[Rezension] Auf den Flügeln der Angst (Catherine Shepherd)

Catherine Shepherd: Auf den Flügeln der Angst 
[Rezension] Auf den Flügeln der Angst (Catherine Shepherd)Krimis stehen zweifelsohne auf meiner Leseliste. Historische Romane, um ehrlich zu sein, eher weniger. Doch nachdem mich Catherine Shepherd auf ihren neusten Zons-Krimi aufmerksam gemacht hatte, ließ ich die Kombination aus beiden Genres einfach einmal auf mich wirken ... Was kann ich sagen?
Ich bin absolut positiv überrascht! Nicht von der Qualität des Geschriebenen, sondern vielmehr von der Tatsache, dass ich während des Lesens der Gegenwartskapitel mit wachsender Begeisterung auf die Kapitel mit der Handlung des Jahres 1497 zusteuerte. 
Catherine Shepherd versteht es, der Schwere von Historie einen Rahmen zu geben, der einfängt. Vielen Dank für diese "Lesereise"!
Cover: Kafel Verlag

~ Rezension ~


Der schmale Grat zwischen Sinnestäuschung und Realität.

Zons im 15. Jahrhundert: Eine unter mysteriösen Umständen ermordete Frau wird im Burggraben aufgefunden. Bastian Mühlenberg von der Stadtwache nimmt sich des Falls an. Schnell wird ihm klar, dass hinter dem Verbrechen ein noch viel größeres, giftigeres Geheimnis stecken muss. Dann holt ihn ein Dämon seiner eigenen Vergangenheit ein und weist überraschend einen Weg, der zum Täter führen könnte.

Zons im 21. Jahrhundert: Kommissar Oliver Bergmann wird in die Wohnung des Zonser Stadtrats gerufen. Dort wurde die Leiche des Mannes, der durch ertrinken starb, gefunden. Außerdem hatte das Opfer einen bizarren Drogencocktail im Blut. Nur der erste Tatort einer unerklärlichen Mordserie. Unterdessen bekämpft eine junge Mutter ihre Angstzustände mit einem dem Markt unbekannten Medikament und beginnt zu halluzinieren. Nebenwirkungen, die in doppelter Hinsicht tödlich sein können und die die Aufmerksamkeit des Kommissars auf sich ziehen.

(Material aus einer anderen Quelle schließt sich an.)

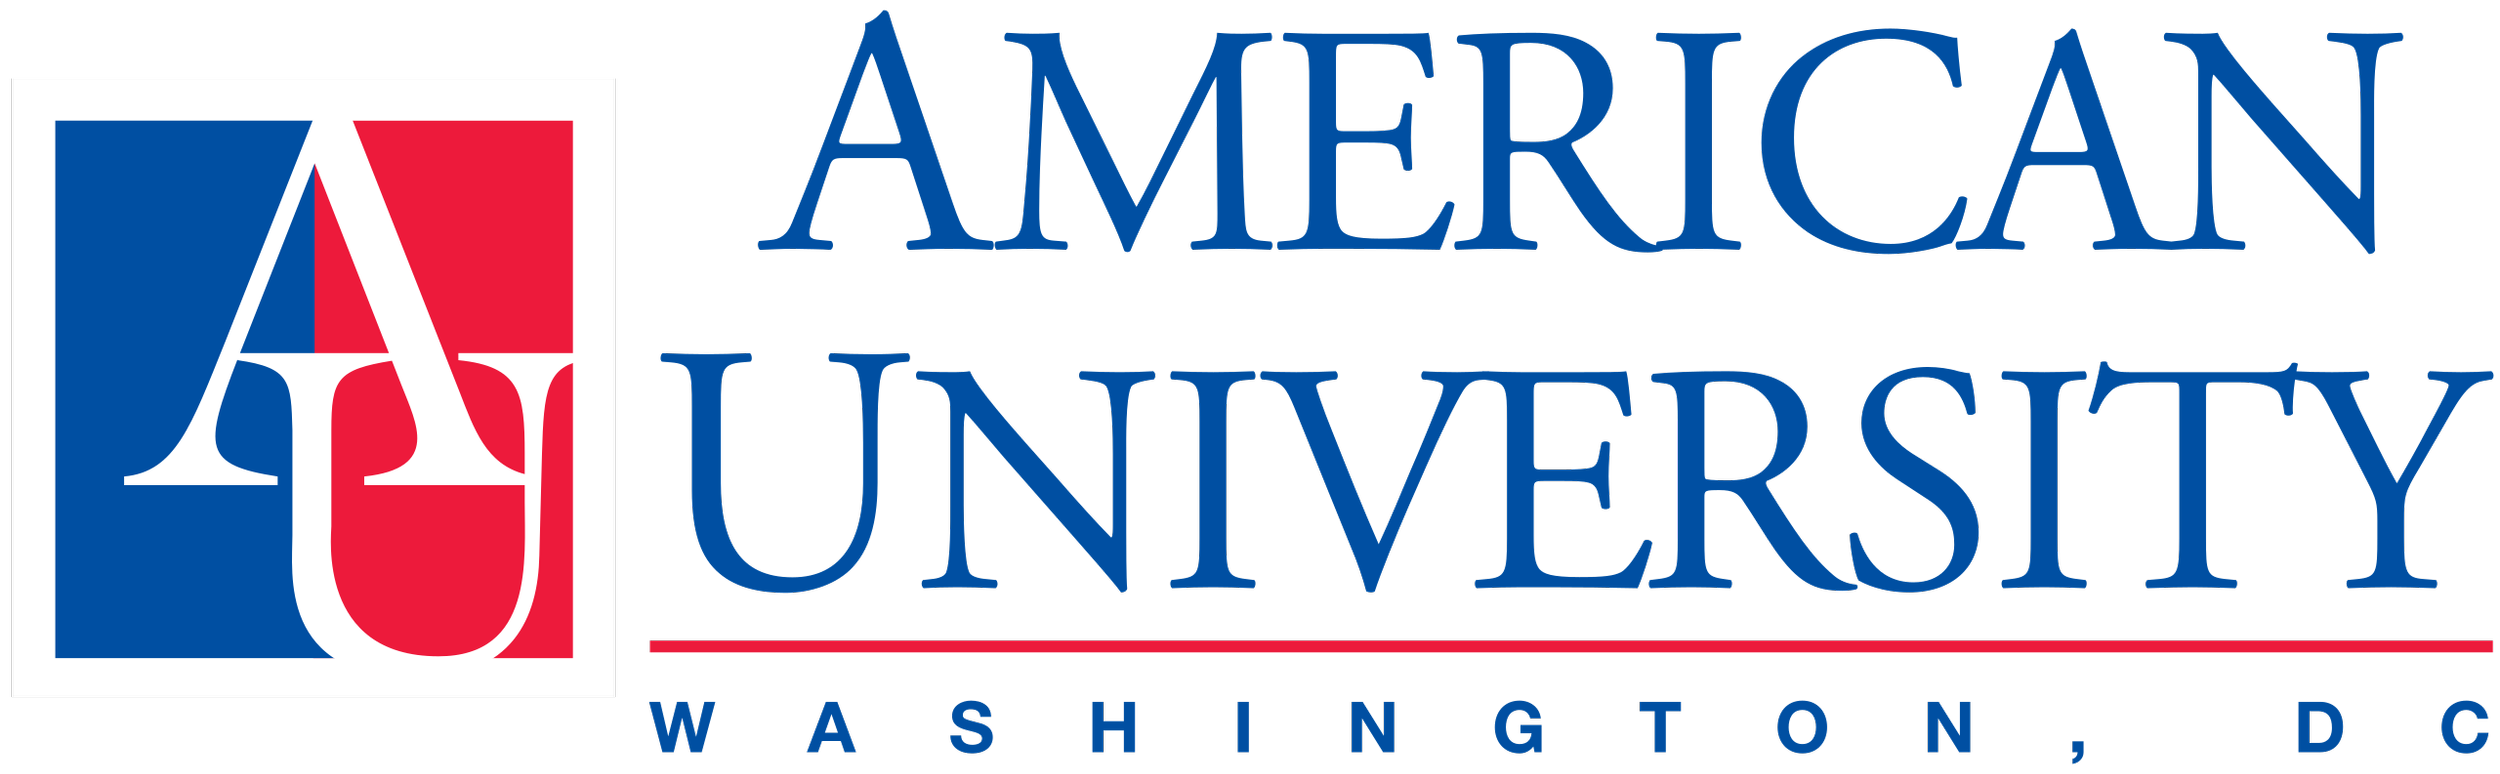 American_University_logo.svg.png

Mit ihrem Krimi Auf den Flügeln der Angst lädt Catherine Shepherd ihre Leser bereits ein viertes Mal nach Zons ein, um auf Verbrecherjagd zu gehen. Der Startschuss für einen packenden Wettlauf um Leben und Tod hallt durch die Zeit.

Das Figurenensemble, welchem Catherine Shepherd in ihrem neusten Werk eine Bühne schenkt, besteht aus Charakteren mit deutlichem Profil. Die Gier nach Profilierung wird dabei ebenso zu einem zeitlosen Charakterzug wie die Sehnsucht nach innerem Frieden. Bastian Mühlenberg und Oliver Bergmann verleihen dem Streben nach Gerechtigkeit abermals ihre Stimme, während die Autorin ein neues Opfer-Täter-Netz spannt, dessen Elastizität dramaturgisch gekonnt ausgereizt wird.

Als Kulisse dient, wie bei den Vorgängern der Reihe, die niederrheinische Stadt Zons. Mit bestechender Wirksamkeit fühlt sich der Leser in die nebulösen Geschehnisse des Mittelalters versetzt. Nicht minder gelingt es Catherine Shepherd das Zons der Gegenwart zu einem Schauplatz menschlicher Abgründe, skrupelloser Dominanz und lähmender Angst zu machen.

Die Autorin verknüpft auf lebhafte Weise brisante Handlungsstränge der Historie mit denen der heutigen Zeit. Scharfsinnige Leichtigkeit und hintergründige Schwere gehen nahtlos ineinander über und ergänzen sich glänzend. Eine Ganzheitlichkeit, die mich beeindruckt hat. Die präzise recherchierte Realität wird durch die Hinzugabe von ambitionierter Fiktion zu einem wirksamen Elixier.

Der stete Wechsel zwischen den Jahrhunderten sorgt für einen kontinuierlich wachsenden Spannungsbogen. Und trotz der verhältnismäßig übersichtlichen Variablen, gelingt es der Autorin mithilfe des einen oder anderen Überraschungsmoments für ein gebührendes Finale zu sorgen.

Summa summarum ein Roman, der Krimifans und Geschichtsliebhaber sich ein und dieselbe Lektüre teilen lässt. Nicht nur die Grenzen zwischen den Zeiten, sondern auch die zwischen menschlichen Beziehungen verschwimmen zu einem triftigen Mosaik.

FZIT: Historisch. Wirkungsvoll. Abgründig.